■ **ACTION ITEM**: In the copy of the lines below, leave out pictures and print everything else exactly.

■ **RECORDED INFORMATION**:
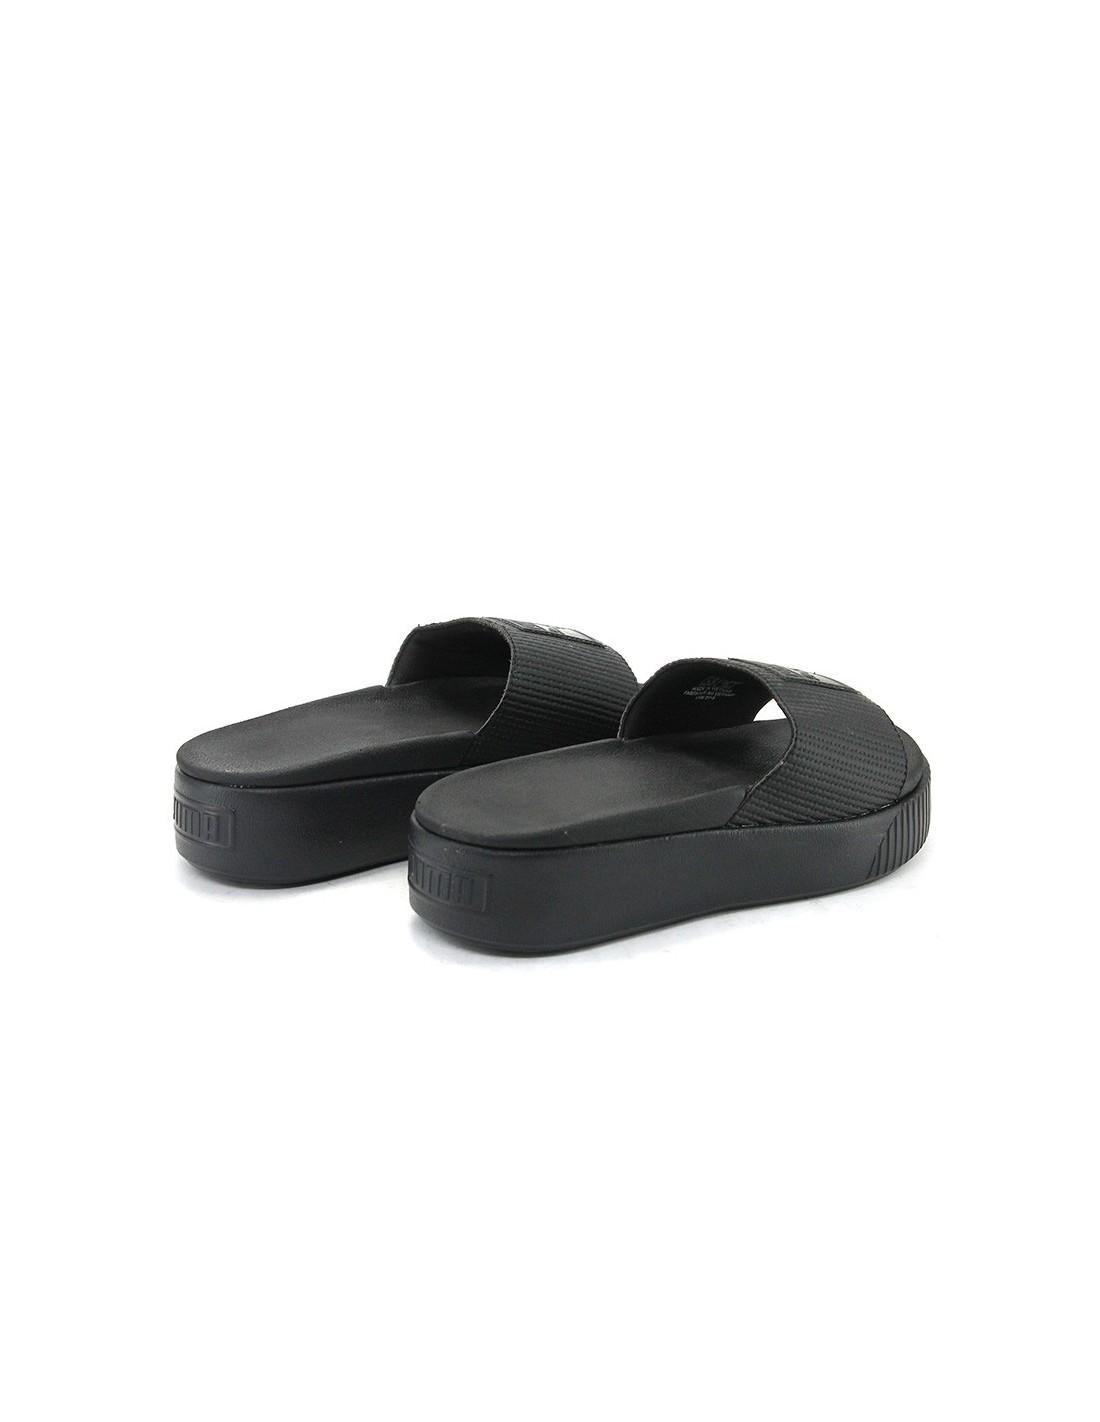 26bde8117e6 New Puma slipper PLATFORM SLIDE Wns EP 366122 black online
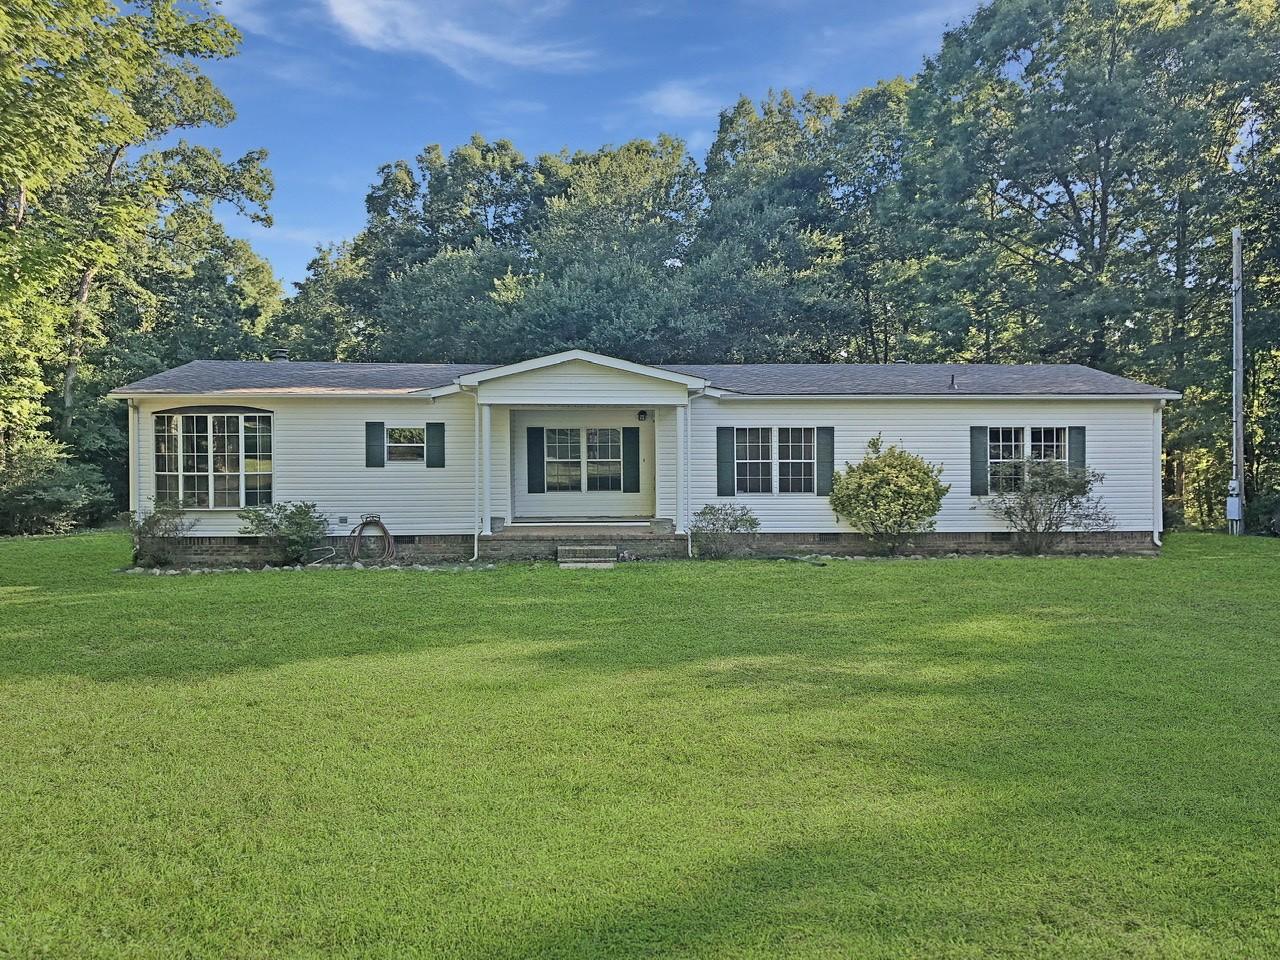 218 Watson Rd Property Photo - Big Rock, TN real estate listing
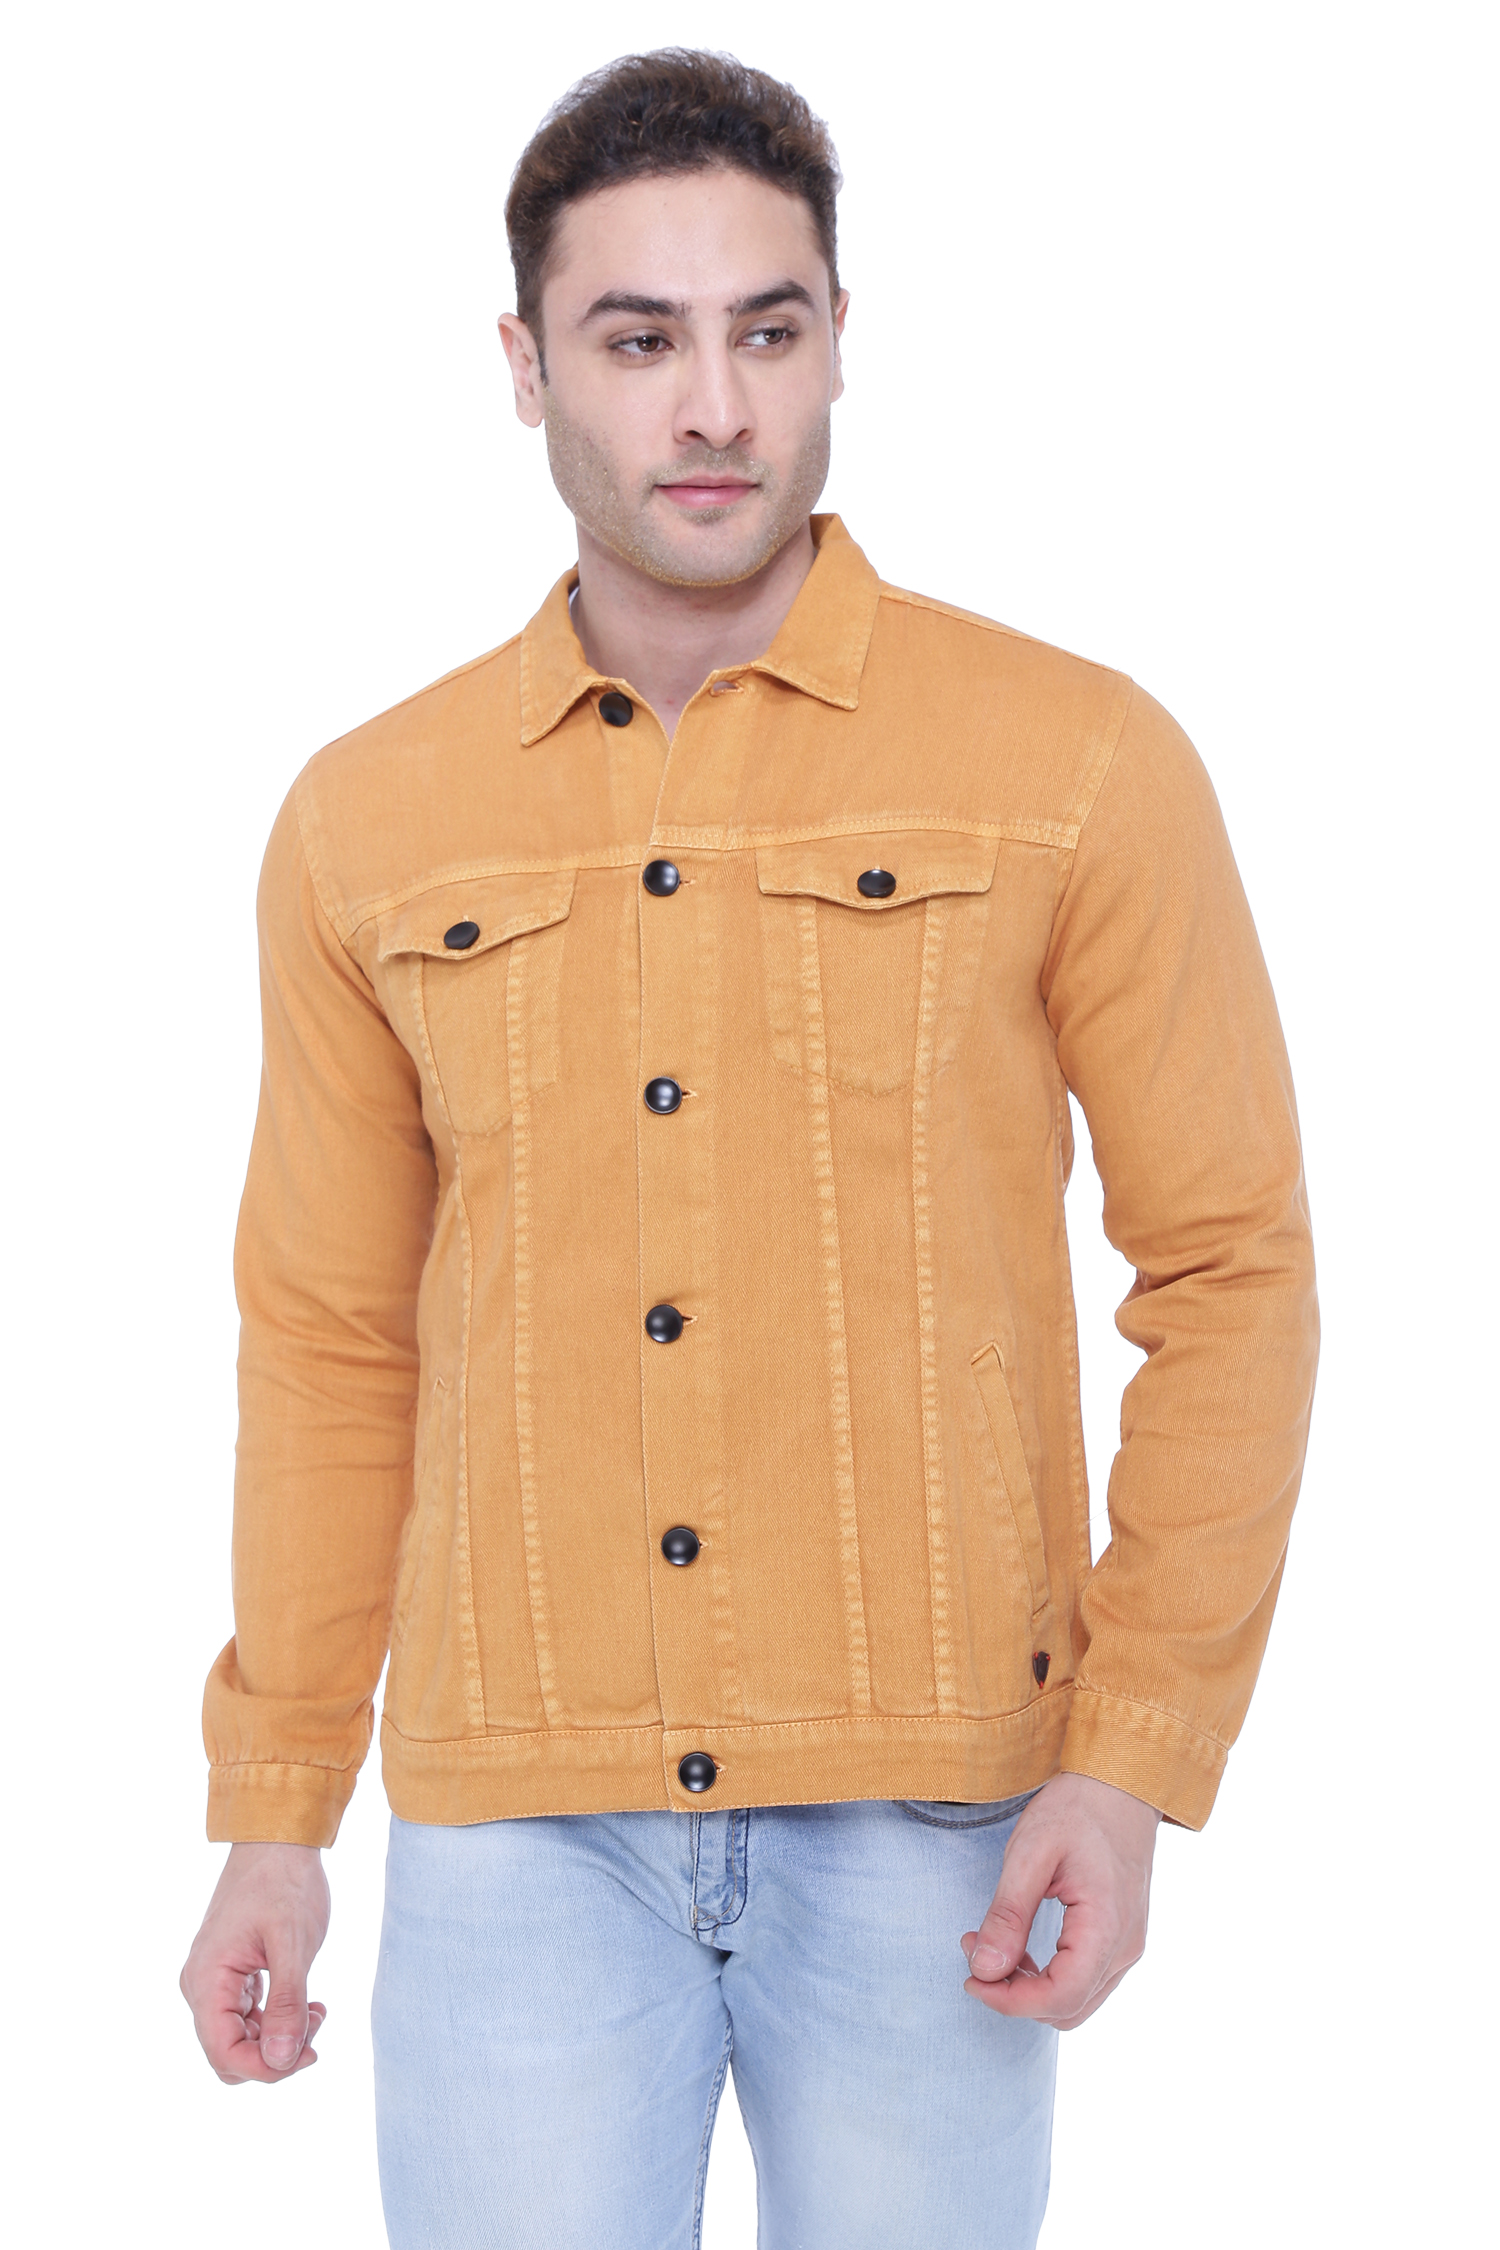 Kuons Avenue | Kuons Avenue Men's Mustard Denim Jacket- KACLFS1363YL

■ **RESULT OF THE TASK**:
 26bde8117e6 New Puma slipper PLATFORM SLIDE Wns EP 366122 black online
 218 Watson Rd Property Photo - Big Rock, TN real estate listing
 Kuons Avenue | Kuons Avenue Men's Mustard Denim Jacket- KACLFS1363YL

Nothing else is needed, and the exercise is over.